Find the zeros (if any) of the rational function. (If there are no zeros, enter NONE.)
g(x) = (x^3-64)/(x^2+2)
need help solving
A fraction can only be zero if its numerator is zero
so
x^3 - 64 = 0
difference of cube factoring ....
(x-4)(x^2 + 4x + 16) = 0
x = 4 or x = (-4 ± √(16- 64) )/2
x = 4 or x = -2 ± 4√3 i
so the graph should cross the x-axis only once, at x = 4
confirmation:
http://www.wolframalpha.com/input/?i=plot+y+%3D+%28x%5E3-64%29%2F%28x%5E2%2B2%29+for+x+%3D++-20+to+20
To find the zeros of the rational function g(x) = (x^3-64)/(x^2+2), we need to find the values of x that make the numerator equal to zero.
The numerator is x^3 - 64, which we can factor using the difference of cubes formula: a^3 - b^3 = (a - b)(a^2 + ab + b^2).
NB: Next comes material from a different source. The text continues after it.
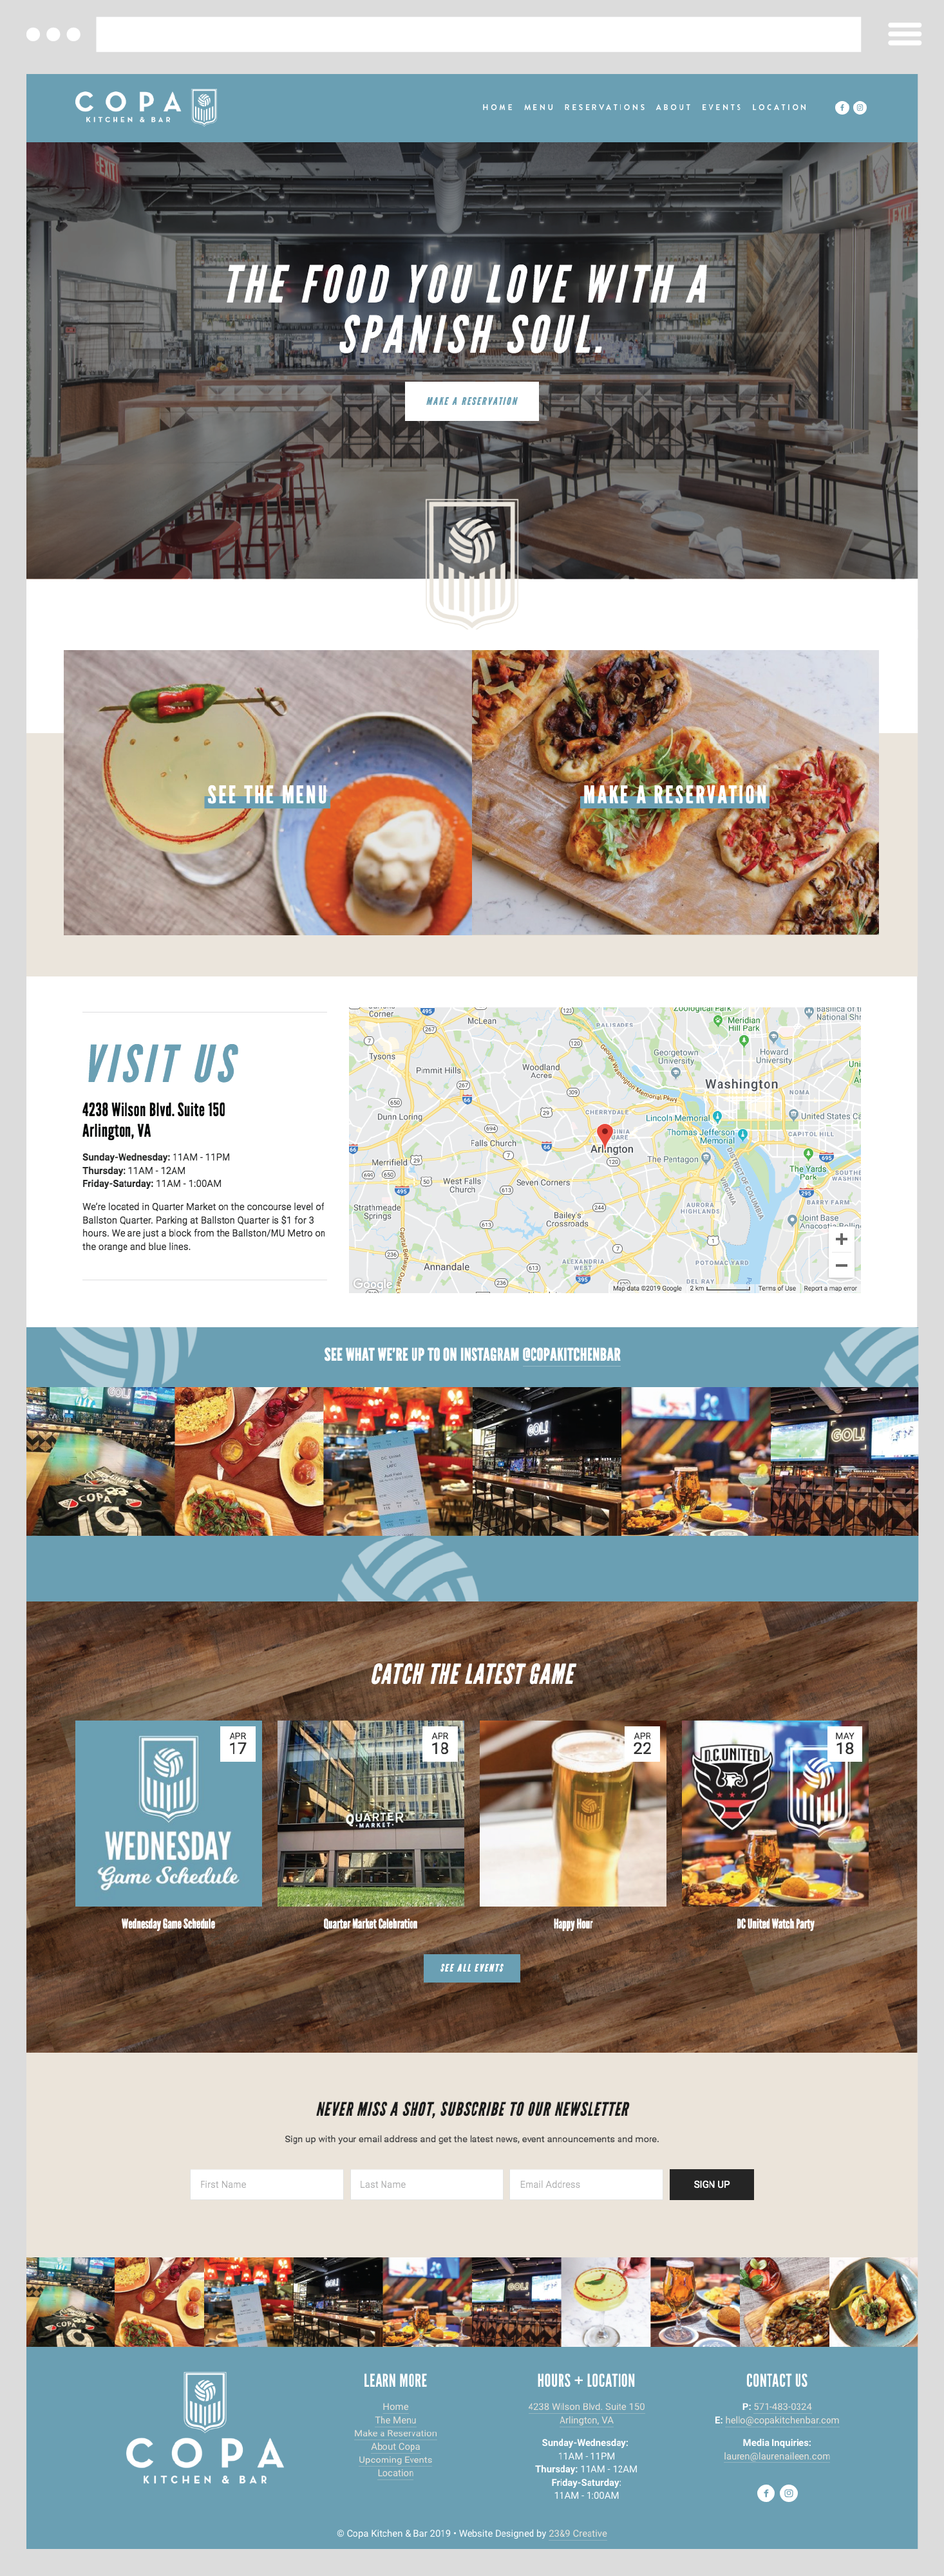 Custom Website Design By 23 9 Creative For Copa Kitchen Bar In Arlington Va In 2020 Custom Website Custom Website Design Portfolio Website

In this case, a = x and b = 4, since 4 cubed is 64. So we can factor the numerator as (x - 4)(x^2 + 4x + 16).
Setting the numerator equal to zero, we have:
(x - 4)(x^2 + 4x + 16) = 0.
For the numerator to equal zero, either (x - 4) must be zero or (x^2 + 4x + 16) must be zero.
If x - 4 = 0, then x = 4.
To solve x^2 + 4x + 16 = 0, we can use the quadratic formula:
x = (-b ± sqrt(b^2 - 4ac)) / (2a),
where a, b, and c are the coefficients of the quadratic equation. In this case, a = 1, b = 4, and c = 16.
Plugging these values into the quadratic formula, we have:
x = (-4 ± sqrt(4^2 - 4(1)(16))) / (2(1)),
x = (-4 ± sqrt(16 - 64)) / 2,
x = (-4 ± sqrt(-48)) / 2,
x = (-4 ± 4i√3) / 2,
x = -2 ± 2i√3.
Therefore, the zeros of the rational function g(x) = (x^3-64)/(x^2+2) are x = 4, x = -2 + 2i√3, and x = -2 - 2i√3.